Task to carry out:
Retype the listing exactly, minus its pictures.

Exercise data:
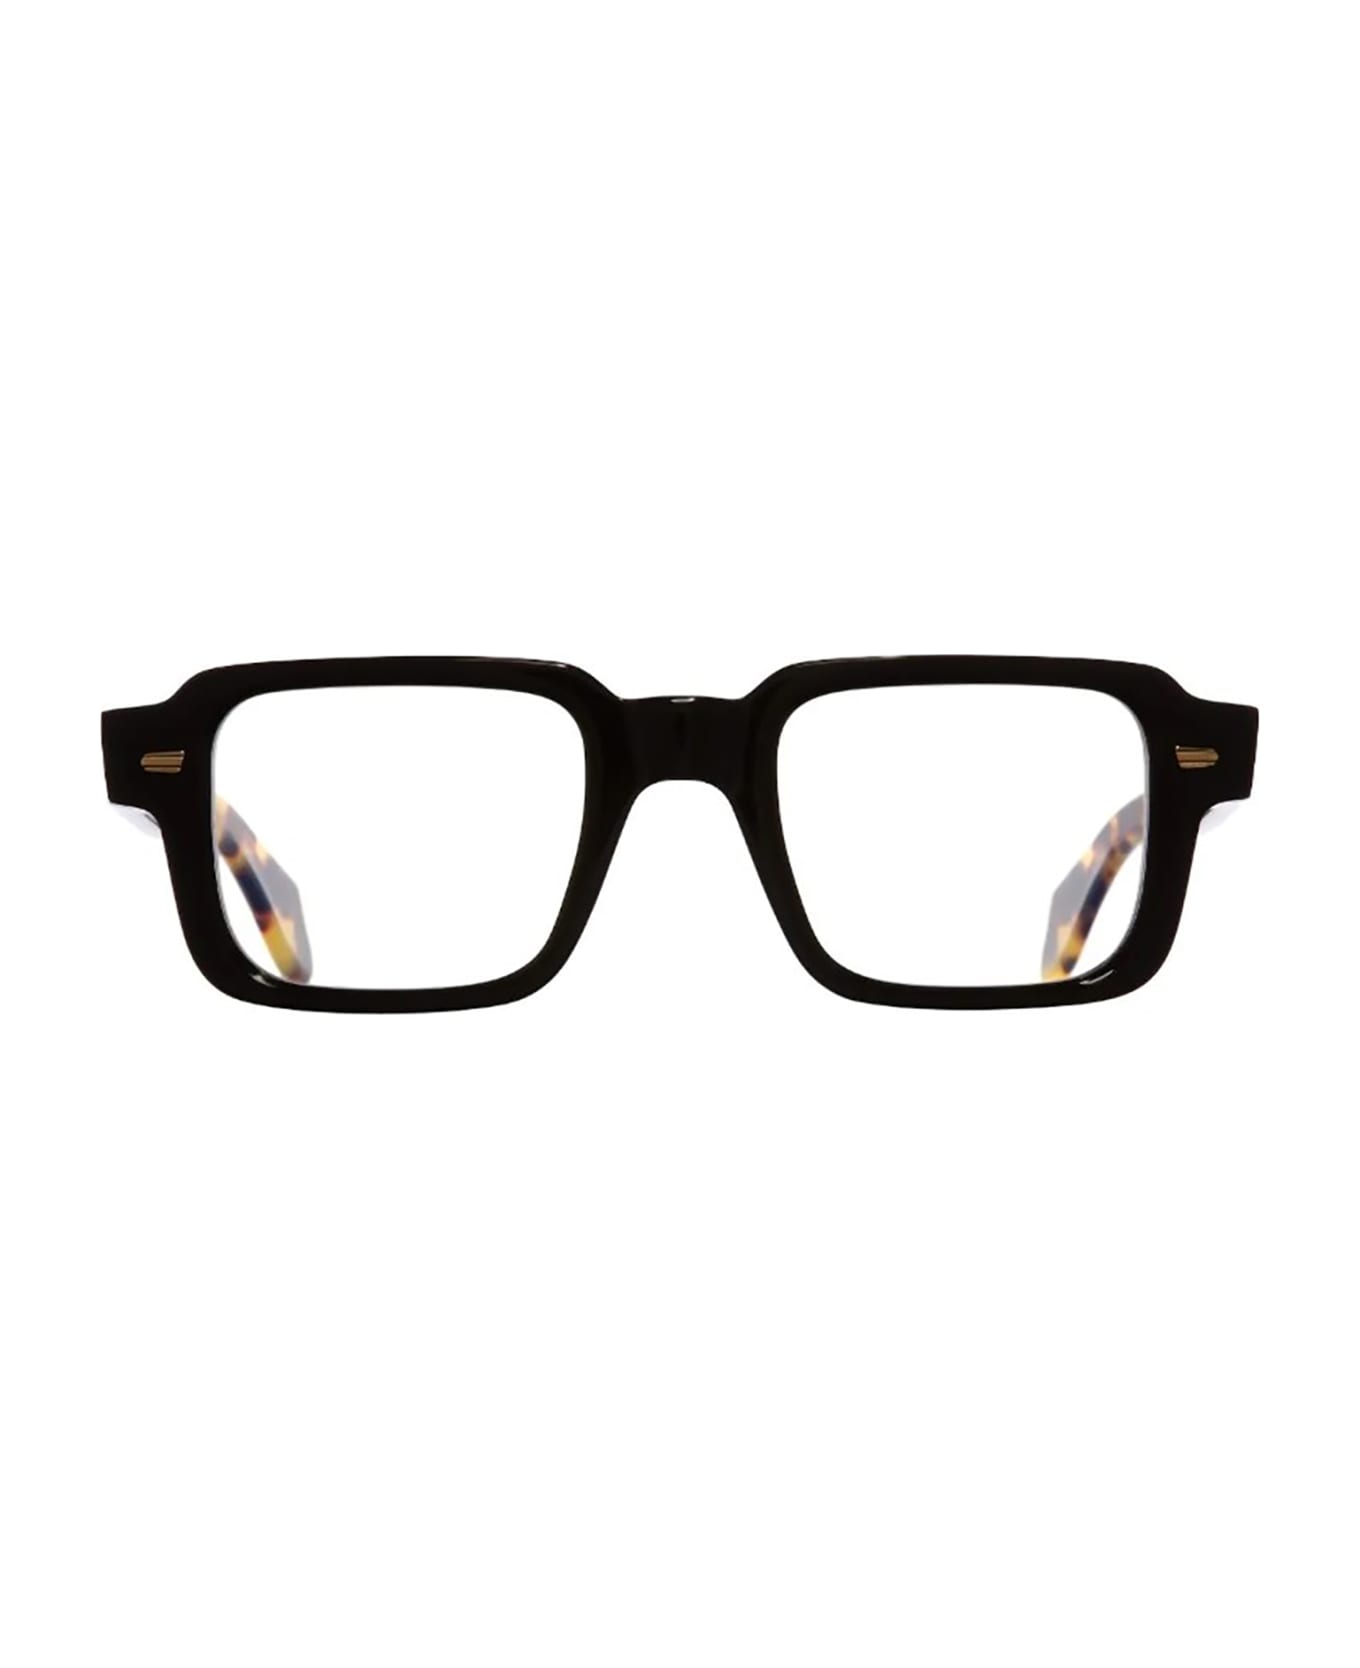 Cutler and Gross 1393 Sunglasses - Black On Camu(vista)
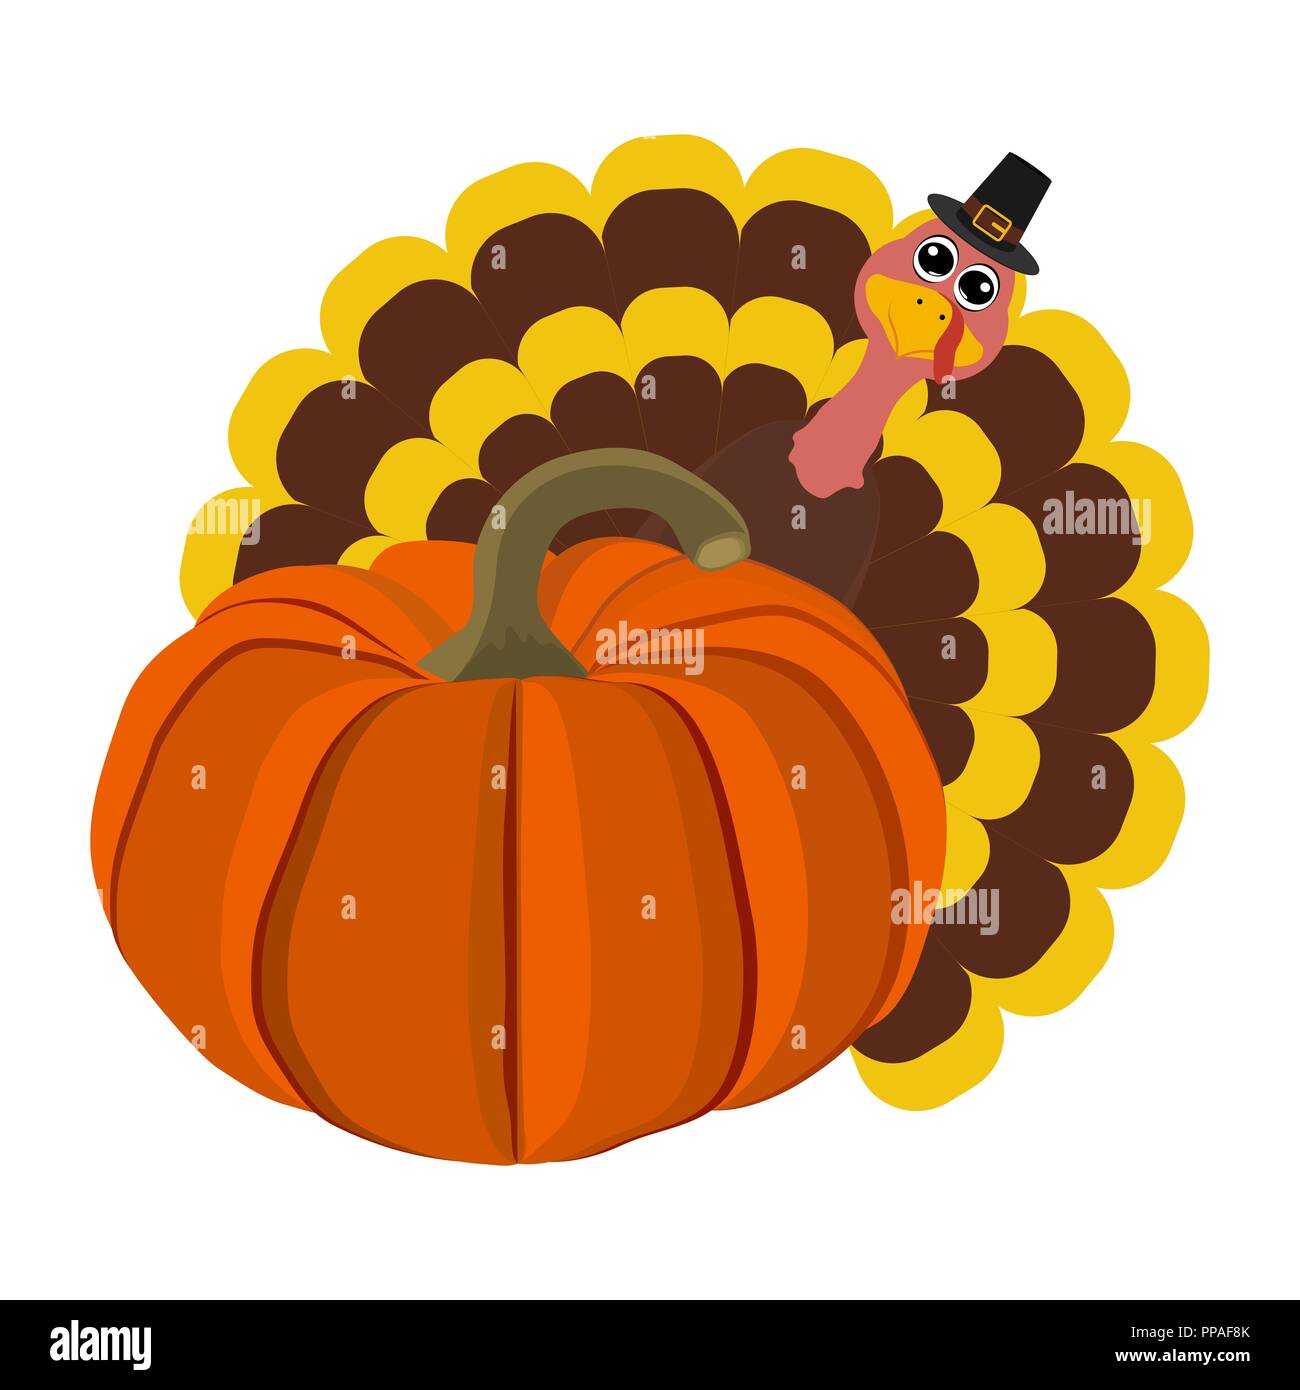 Turkey Pilgrimin on Thanksgiving Day vector illustration Stock Vector
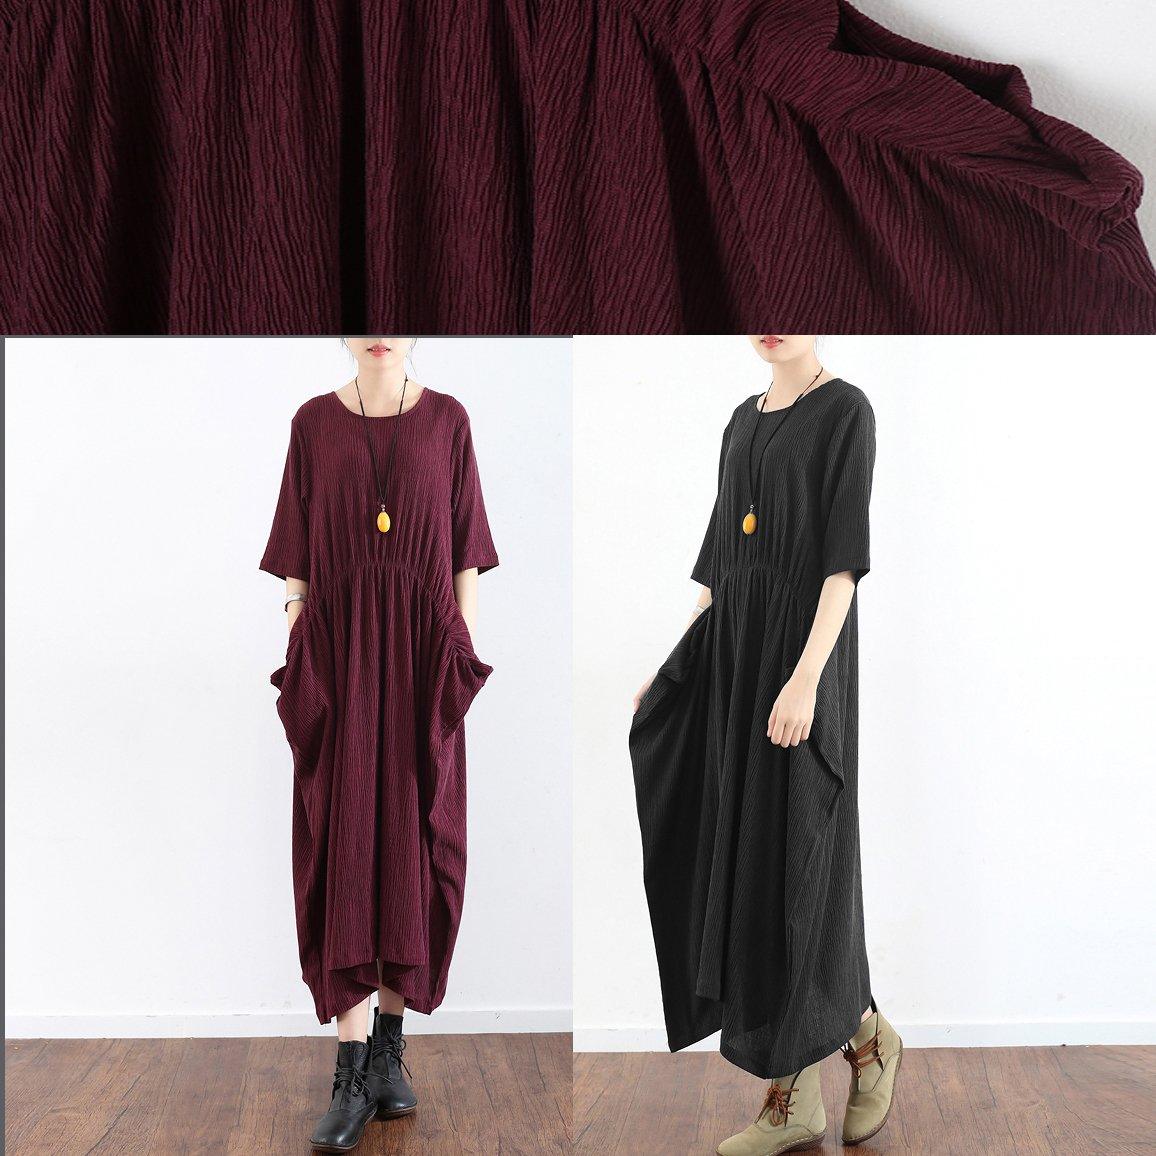 burgundy vintage silk dresses plus size casual half sleeve dress 2017 trend fall elastic waist maxi dress - Omychic

Expected output:
 Cutler and Gross 1393 Sunglasses - Black On Camu(vista)
 Turkey Pilgrimin on Thanksgiving Day vector illustration Stock Vector
 burgundy vintage silk dresses plus size casual half sleeve dress 2017 trend fall elastic waist maxi dress - Omychic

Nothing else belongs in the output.